AR: There are many successful literary works I admire that is only telling or showing. I try to balance both. In If I Had Two Lives, the protagonist’s way of expressing her feelings is often understated, which is essential to her character. Subtlety doesn’t work for everyone—I encountered a good amount of resistance from editors when my agent was trying to sell the book. Still, it is my firm belief that nothing can ever be subtle enough. Occasionally, however, it is useful to be exact, to give readers emotional anchors or affirmations of what they already know.

EB: I enjoyed the writing and pace, and these was one matter of craft I especially wanted to ask you about: in the first part of the book you make a point of not using names—there is “the little girl,” “my mother,” and “my soldier,” and even the protagonist is nameless throughout. Can you talk about the namelessness?

AR: As soon as something is named it loses ambiguity, which to me is a great loss. It feels honest that my central characters should not be easily pinned down or defined, especially the protagonist because she suffers profoundly from the psychic ruptures of being in-between. I myself have a complicated relationship with names. I would love to live namelessly or go by a name that is cleansed of all assumptions like iLP78&R, but it is simply impractical. I suppose this might be one difference between life and fiction, the novel can afford some impracticalities in service of a higher truth.

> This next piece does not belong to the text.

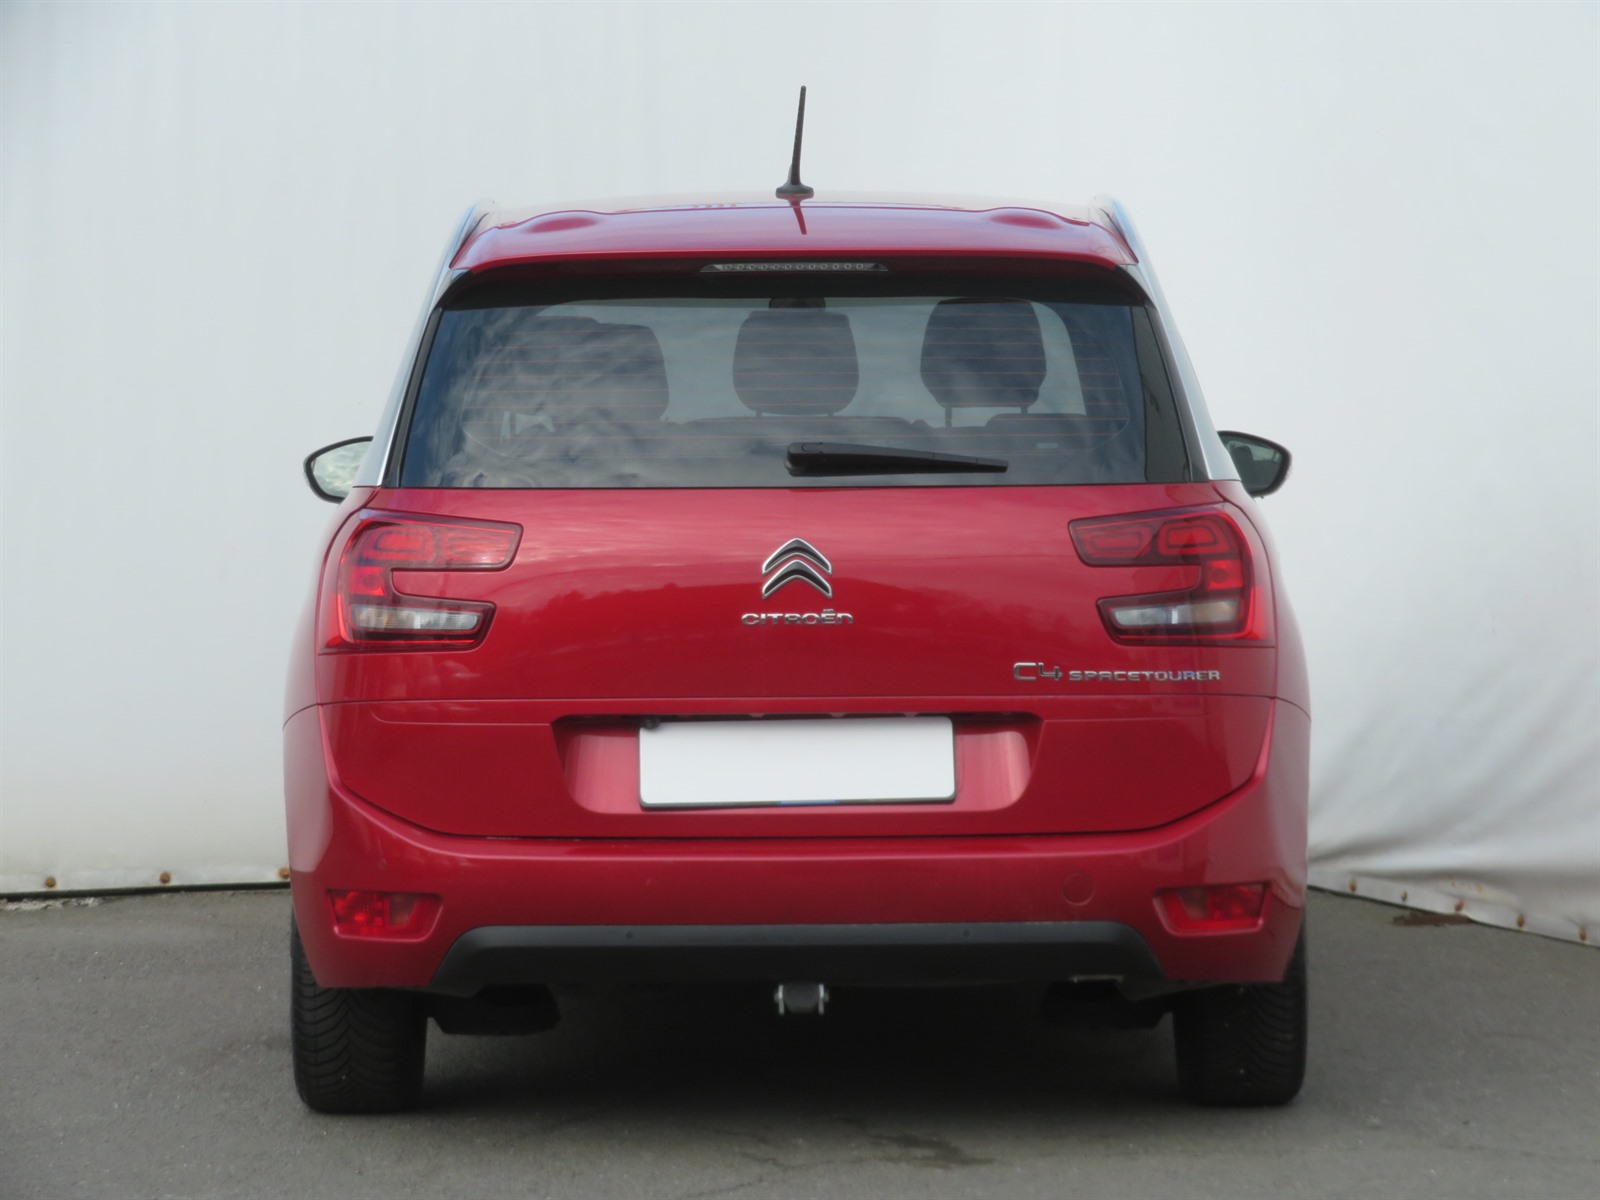 Citroën Ostatní, 2019 - pohled č. 6

EB: Was one of the lives easier to tell than the other? I liked the way you brought the lives together at the end.

AR: Thank you. It is hard to give any life the intricacies that it deserves. In that sense I am aware that like most novels, this one too is a failure. I started writing it when I was twenty-five, finished it at twenty-six, and published it at twenty-nine. A month before publication, I had one last chance to edit minor details. Because it has been a few year since I read it, I had enough distance to see how flawed it was, how full of naiveties. At some point, in order to publish, all writers have to contend with this reality—their ego—the arrogant idea that a work could be perfected. I think, art, if it were to really live, it must do so with errors, loose ends.

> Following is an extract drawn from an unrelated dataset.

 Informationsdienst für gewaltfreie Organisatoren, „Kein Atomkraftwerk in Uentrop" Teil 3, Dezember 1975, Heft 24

EB: What was the process of writing the novel like for you? Did much change from the earliest versions?

AR: It was the absolute best part of the whole thing. There is nothing more sublime than to surrender to the work to be congruent with aesthetic values, which I’m afraid to say, I put above all others. There are eight “drafts,” of the novel, although the original writing from the first draft has not changed, only shifted. Moments are expanded so that the work grows in volume. The novel happens to be my chosen medium so there are certain requirements to fulfill, one of which is length, but the emotional core can be expressed with a song, a brushstroke, a knife fight. I have great respect for poets for this reason, their ability to move worlds with a few syllables.

EB: Perhaps this is an unfair question but how much of the story is autobiographical? Or is the novel all fiction?

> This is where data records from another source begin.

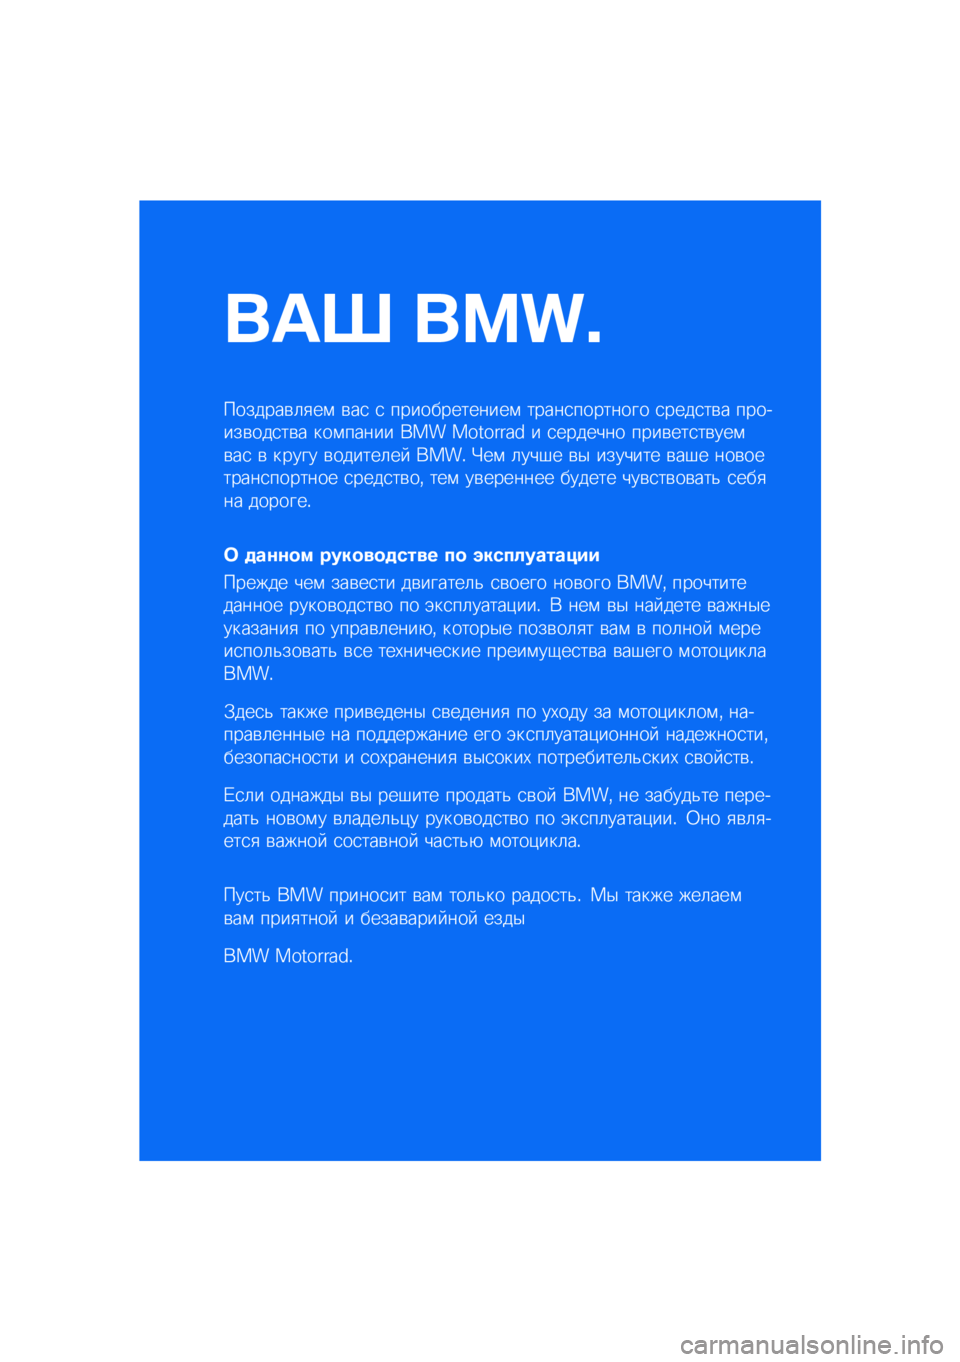 BMW MOTORRAD R 1250 RS 2021  Руководство по эксплуатации (in Russian) ��� ����\b
�������\b�	�
��\f �\b��
 �
 �������������\f �����
�������� �
����
��\b� �������\b���
��\b� ���\f����� ��� �������� �

AR: A visual artist I know incorporates in her mixed-media paintings objects from her personal life like a piece of her son’s blanket from when he was a baby. My work is autobiographical in the sense that it is blanketed with emotional truths and emblemed with personal “objects”. My writing will always be honest in this way and autobiographical even if I were writing about dragons.

EB: What other current writing projects have you got happening?

AR: I have a second novel, which is still looking for a home.

EB: Thanks for talking with us. Good luck with If I Had Two Lives.

AR: Thank you so much, Ed, for the enlightening questions.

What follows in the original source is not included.